Her hands found his face, squishing his cheeks like a non-Newtonian fluid. 

"You're back." 

"I'm back," Yuji said. Yuji, not Sukuna. His tone of voice was different. The way the syllables fell off his tongue. Yuji, not Sukuna. It was his voice, and—a quiet part of her mind was horrified by it, but— it was his cursed energy too. Enflamed, larger than it had been in the morning, but unmistakably Yuji. 

She let her hands fall, and with them the concave metal construct. 

Tension was easing out of muscles Yuriko didn't even know she had. And now it didn't matter that she was bleeding, and that her throat had almost been slit. They were going to be fine, now. All of them. Iguchi had a fighting chance with the ambulance on its way, and the cuts were so clean, too. Replantation should be possible. Doubly so, if Satoru's white mage could work the magic he had once bragged she could. 

Despite everything that had happened, everyone was going to be fine. But that begged the question. 

"What happened?" 

Yuji palmed the nape of his neck, answering with a chuckle riddled with fatigue and something approaching—but not quite bearing—the name of guilt. "I don't really get it either, but I think that robe guy knocked me out and put a finger in me." 

Huh?! A quirk in her expression must have given away her perplexion. For what must have the second time—at most—since she'd known her, Sasaki Setsuko of all people was the one to clarify. 

"He had two," she said like that was an answer. "Negi-sensei hit Itadori hard and fed him one. I think Sukuna ate the other?" 

Yuriko's brow knitted. Darkness muddied her cursed energy, like someone had left a block of manganese to sit in water. Eat anything funny, recently? "That bitch. Kaori?" 

Sasaki nodded. 

Her molars were grinding now. Sukuna and the louse were the only presences she'd noticed. Kaori wasn't here. Of fucking course, she wasn't. Too content to hide behind her unthinking pawns. But the other one. Crawling to the school. Injured. Vulnerable. Weak. He would do nicely as a stain on the ruined grounds. 

"Yu—yuriko..." 

"Woah!" 

The pressure receded, "Sorry," Yuriko sighed, lifting her fringe from her forehead. "This is fine. Probably. Is he still in there?" 

"Sukuna?" 

"Yeah." 

Yuji nodded. Fuck. "And you're just...holding him back? Does it hurt?" 

"Yeah, and not really?" 

Hm. "Just for, say, half a second... would you hypothetically be able to bring him back out?" 
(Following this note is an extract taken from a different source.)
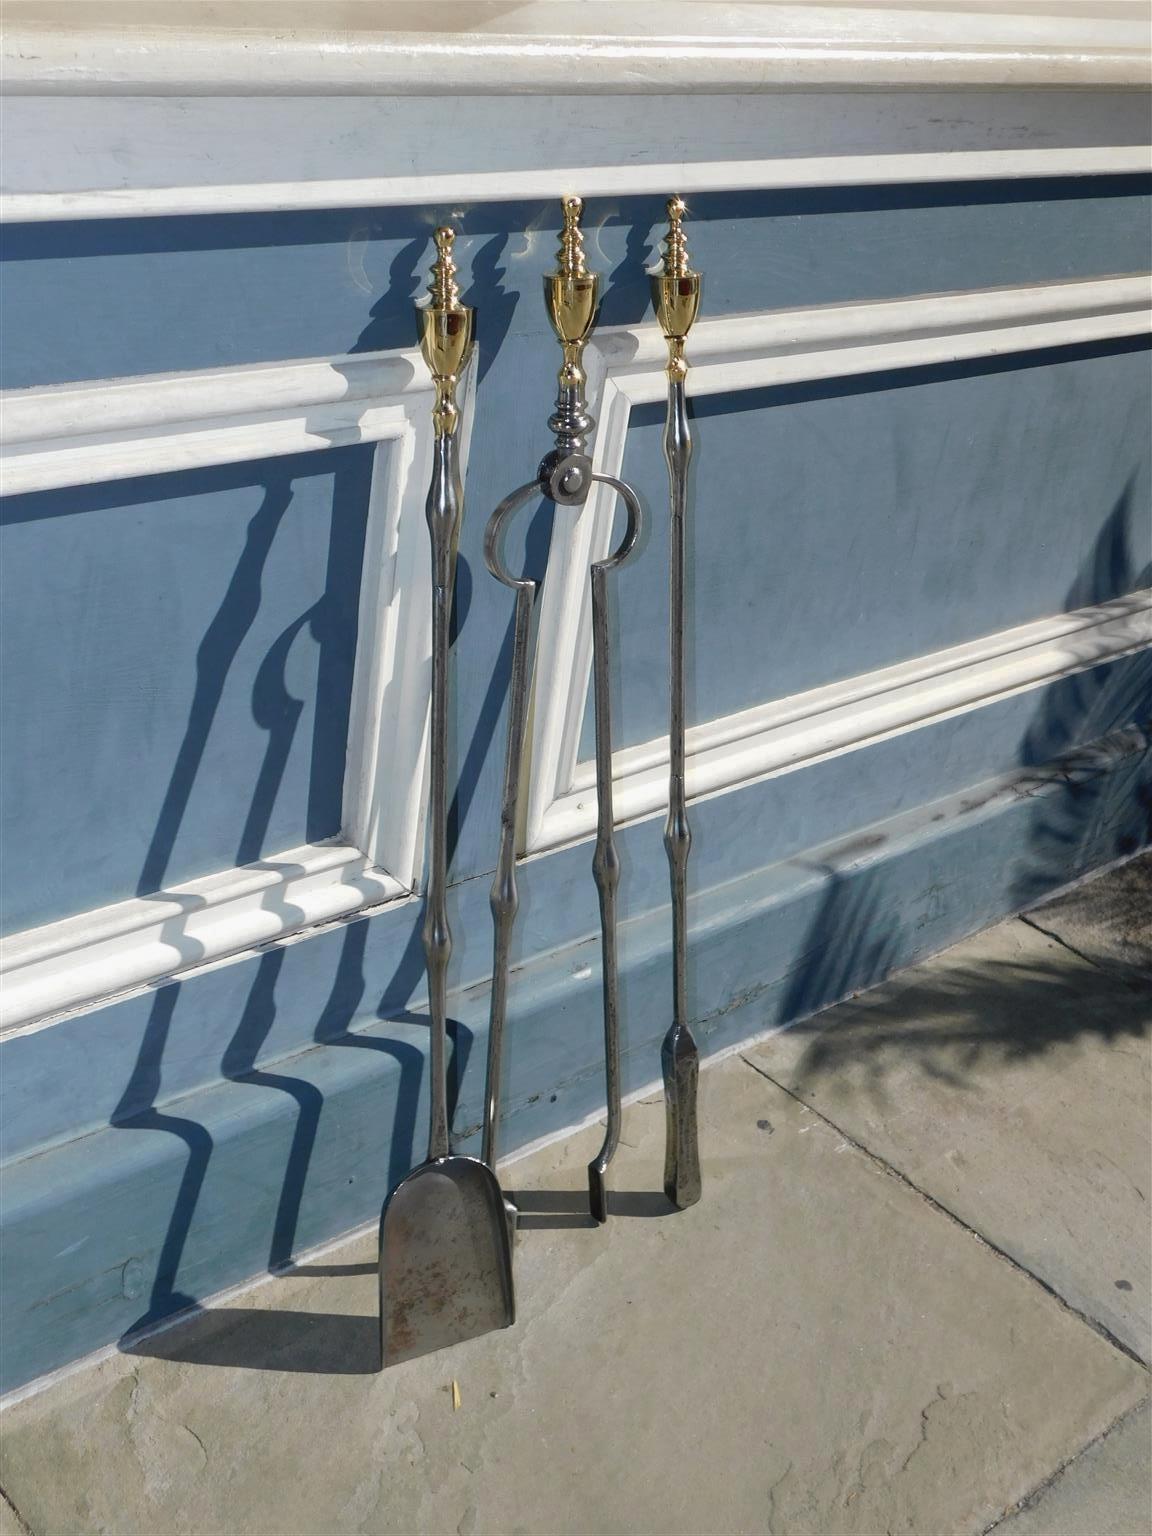 Set of American brass and polished steel urn finial Bulbous fire tools, early 19th century. Set consist of Shovel, Tong and Poker.

"Probably. I think I just have to—" 

"Stay right where you are—" Huh? "You're no longer human." Is that a fact? "Itadori Yuji, u-under Jujutsu regulations, I will now exorcise you as a cur—." 

No. 

Yuriko regarded Fushiguro for the first time, and in the same way a person might regard a patch of faecal matter hanging on the edge of their shoe. 

Dark hair, like her father's; dark hair like Kaori's, like Mimiko's and all the little shits in middle school who had pulled on her hair for not looking quintessentially Japanese. They had posited that she was inhuman too. As soon as the words slipped from his mouth, Yuriko decided she did not like Fushiguro Megumi. The boy squirmed as the weight of her attention pressed against him. 

"Say that again? I don't think I heard you." 

"You—" His pupils widened. "You can't be serious. That's Sukuna. Don't you know who that is?" 

"No," she lied, slapping the boy's hands apart. Astonishment erupted on his features, like he hadn't considered someone could do that. And Yuriko knew she had made the right choice. 

No, absolutely not. She could still feel the pressure that had run across her neck. The inexorable touch of Sukuna's sure-hit effect. She was so certain he had cut her. And that too at the low-low cost of clasping his hands together... Hell no. Any hand signs a sorcerer made now registered as a legitimate threat in her mind. Fushiguro tried to cross his fists over each other again, and once again, she slapped them apart. 

"His name is Itadori Yuji." 

"What if he comes back?! We need to—" 

"Who the fuck is we?" 

"—report back to Jujutsu HQ." 

"The same 'HQ' you said'll treat him like a curse? Fuck that. Maybe your focus should be on that ugly bastard sneaking through the bushes." She could feel the curse user tearing away— or what was left of them. 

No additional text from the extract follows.